Voice dictation for macOS. Nothing leaves your device — audio, text, nothing.

English · 简体中文 · 日本語 · 한국어 · Français · Español · Deutsch

🌐 Translations are machine-translated stubs. Native-speaker contributions very welcome — open a PR or see CONTRIBUTING.md.

📢 What's new — full notes on the Releases page →

✨ v2.0.0-alpha.21 — faster transcription + opt-in AI polish. ANE performance restored (transcription speed regression fixed), plus onboarding now walks you through enabling on-device LLM polish so you can try it without hunting through settings.

🛡️ v2.0.0-alpha.20 — it doesn't freeze on you anymore. If your mic changes mid-recording — AirPods connecting, switching devices — OpenQuack stops cleanly and keeps what you said instead of locking up. Plus on-device transcript polish, in-app model switching, and a faster first launch.

🌏 v2.0.0-alpha.18 — code-switch without the chaos. Start a sentence in English and finish it in 中文: your Chinese now comes back as Chinese across a whole recording, not a garbled English "translation," and it's tidied into your system's script (简体 or 繁體).

What it is

OpenQuack is a tiny menu-bar app for macOS. Press a hotkey, speak, press it again — your transcript appears at the cursor. Wherever you can type, you can talk.

Speech recognition happens on your Mac. No cloud, no account, no signup, no telemetry.

Local. Everything runs on your device — recording, transcription, optional polish. Nothing leaves: no audio, no text, no telemetry, no signup. Confidential work stays confidential, by construction. And because there's no API call in the loop, it just keeps working — offline, on a plane, behind a corporate firewall.

Fast, especially on long clips. Whisper streams while you speak, so a 5-minute dictation finishes in about 3 seconds after you stop — the wait doesn't grow with length. ~2.6% word-error rate on real human speech on a baseline M4 / 16 GB, ~6.3% in realistic office noise. Full bench matrix in docs/BENCHMARKS.md.

Quiet on resources. ~120 MB of RAM while idle. ~8 MB app bundle. The Whisper model lives on disk and only loads when you press the hotkey.

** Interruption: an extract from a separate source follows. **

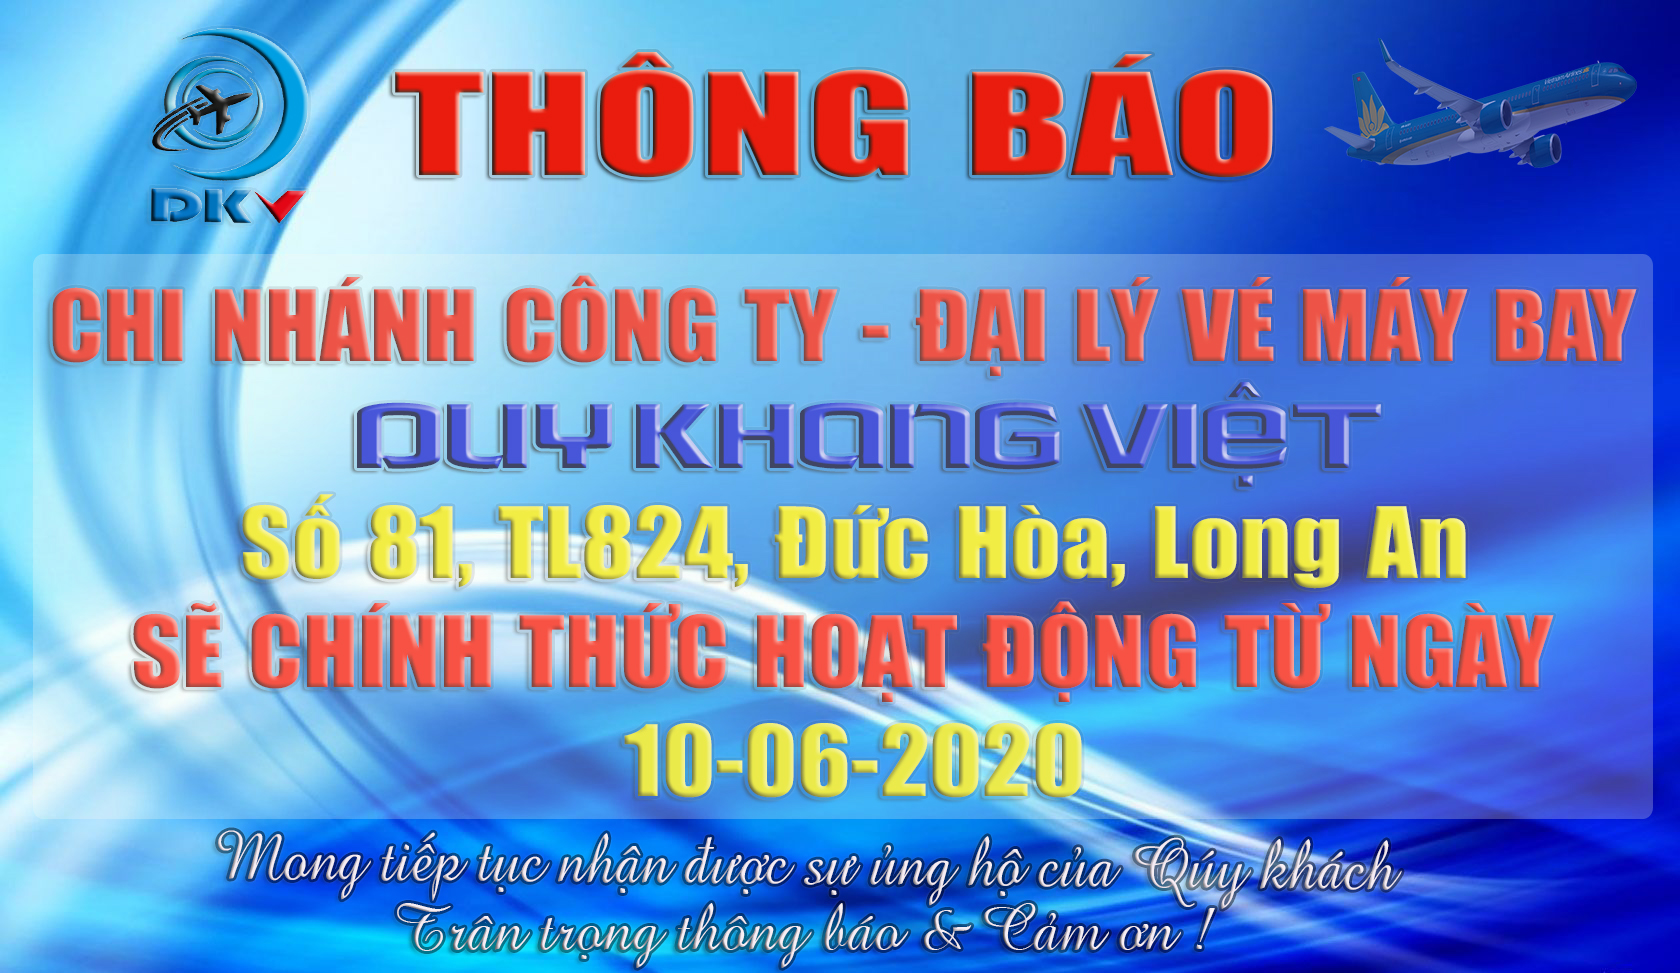 THONG_BAO_KHAI_TRUONG_CN_DUC_HOA

Open. MIT-licensed. Every line is auditable; every change happens in public. The version running in your menu bar is the version in this repo.

What you get

One-key dictation. Pick a hotkey (default ⌃⇧Space, or bind fn / Globe). Press once to start, press again to stop.
Auto-paste at the cursor in any app. Falls back to your clipboard if you'd rather paste yourself.
99 languages. English, Chinese, Japanese, Korean, Spanish, French, German, Italian, and Portuguese are right in Settings; auto-detect on by default.
Smart formatting — capitalisation, end-punctuation, "um/uh" cleanup.
Custom dictionary — teach it the proper nouns and project names you actually use.
Auto-stop after silence. Finish speaking, OpenQuack wraps up on its own.
Launch at login — show up in the menu bar after every restart with one toggle.

Privacy, in one screen

Nothing leaves your device — audio, text, nothing. Recording and transcription are fully local. Always.
No analytics, no telemetry, no signup.

The full privacy contract is in docs/VISION.md.

Coming next

In-context transcription — OpenQuack reads the surrounding text before transcribing, so domain terms get disambiguated by what you're actually doing.
Thinking mode — an opt-in second pass through a small local LLM (Ollama or MLX-LM, your pick) that turns a raw spoken sentence into one you'd press send on.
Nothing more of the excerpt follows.